Taargin crossed his legs and drank his tea, his little finger carefully extended. ‘I pray you are right, Ilya.’ He shook his head. ‘His ideas may wither without his rabble-rousing but we must encourage people, including our dear prince, to forget him. Or learn to hate him. That would be even better.’ He set down his cup. ‘And perhaps quicker.’
‘Do you believe, sir, that Crown Prince Stefan is still fond of Kuznetsov?’ Christian, the younger man, asked.
Taargin pursed his lips and placed the tips of his long fingers together, studying the dusty floor. The smell of decaying knowledge in the room made his nostrils flare.
‘Stefan has not spoken his name, has not breathed a word of social equality, meritocracy or democracy, since Kuznetsov left the country.’
‘That is a good thing, isn’t it?’ Christian said.
‘Dear boy, a dwindling interest would be welcome, but this sudden change in the prince . . . it smacks of concealment. His rooms are searched daily for seditious literature, those close to him are watched for signs of sympathy with these dangerous beliefs. However, as yet we cannot pierce the veil and look directly into his mind. I have fears. I have doubts.’
He saw them reflected in the faces of the two other men.
‘And there is the matter of Stefan’s visit to this country in the summer,’ Christian said. ‘I understand the Prince of Wales intends to ask Stefan to accompany him on a tour of England.’
Taargin nodded. It had taken a great deal of work to place Christian at St James’s Palace, but the information he procured was invaluable. ‘What sort of tour?’
‘Factories, schools, shipyards,’ Christian said. ‘Mention has been made of both Newcastle and Sheffield.’
‘Keep me closely informed, Christian,’ Taargin said. ‘Sheffield is too close to Highbridge to be comfortable. This trip is ill advised, but the king will not forbid it for fear of offending the royal family here.’
‘The General Strike in May ended in a victory for the ruling class,’ Ilya said softly.
‘The revolutionaries instigating it were handled with kid gloves!’ Taargin snapped. ‘The stain of socialism has leaked from Russia across our mountains, and lapped up on the shores even here.’ He controlled himself, and finished the lukewarm tea in his cup. ‘Nikolai Kuznetsov is a danger to our nation, and I dread to think what might happen to our poor country if the crown prince comes to the throne while still under his influence.
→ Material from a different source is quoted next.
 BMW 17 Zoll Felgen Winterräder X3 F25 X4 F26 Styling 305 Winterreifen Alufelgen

Our friends will watch him in Marakovia. We shall keep watch here, and do all we can to show Nikolai in his true colours.’
‘What if that does not work, sir?’ Ilya asked, his voice low and heavy. ‘What if on this visit—’
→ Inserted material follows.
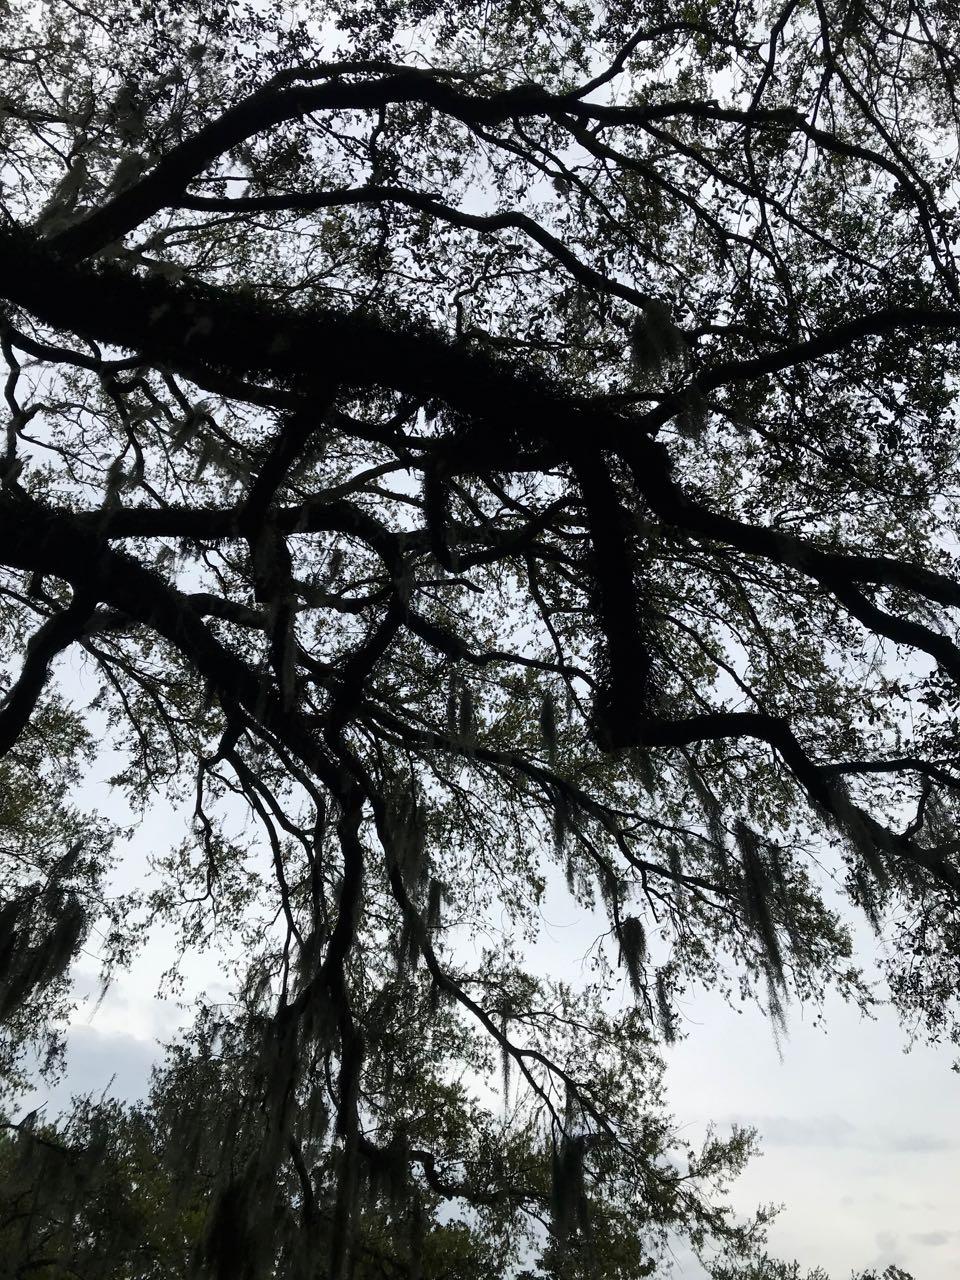 Oak Tree Forsyth Park Savannah.jpg

Taargin lifted his hand. ‘We have a duty, my friends, to our country beyond anything else. We did not bleed on the battlefield to hand our lands to a rabble. I say again, we have friends, we have purpose. I pray we are never forced to choose between the prince and our country, but if that day comes . . .’
‘For Marakovia,’ Christian said.
‘For Maravovia,’ Ilya echoed, his voice hollow.
‘Indeed,’ Taargin replied darkly, and the shadows around them seemed to thicken.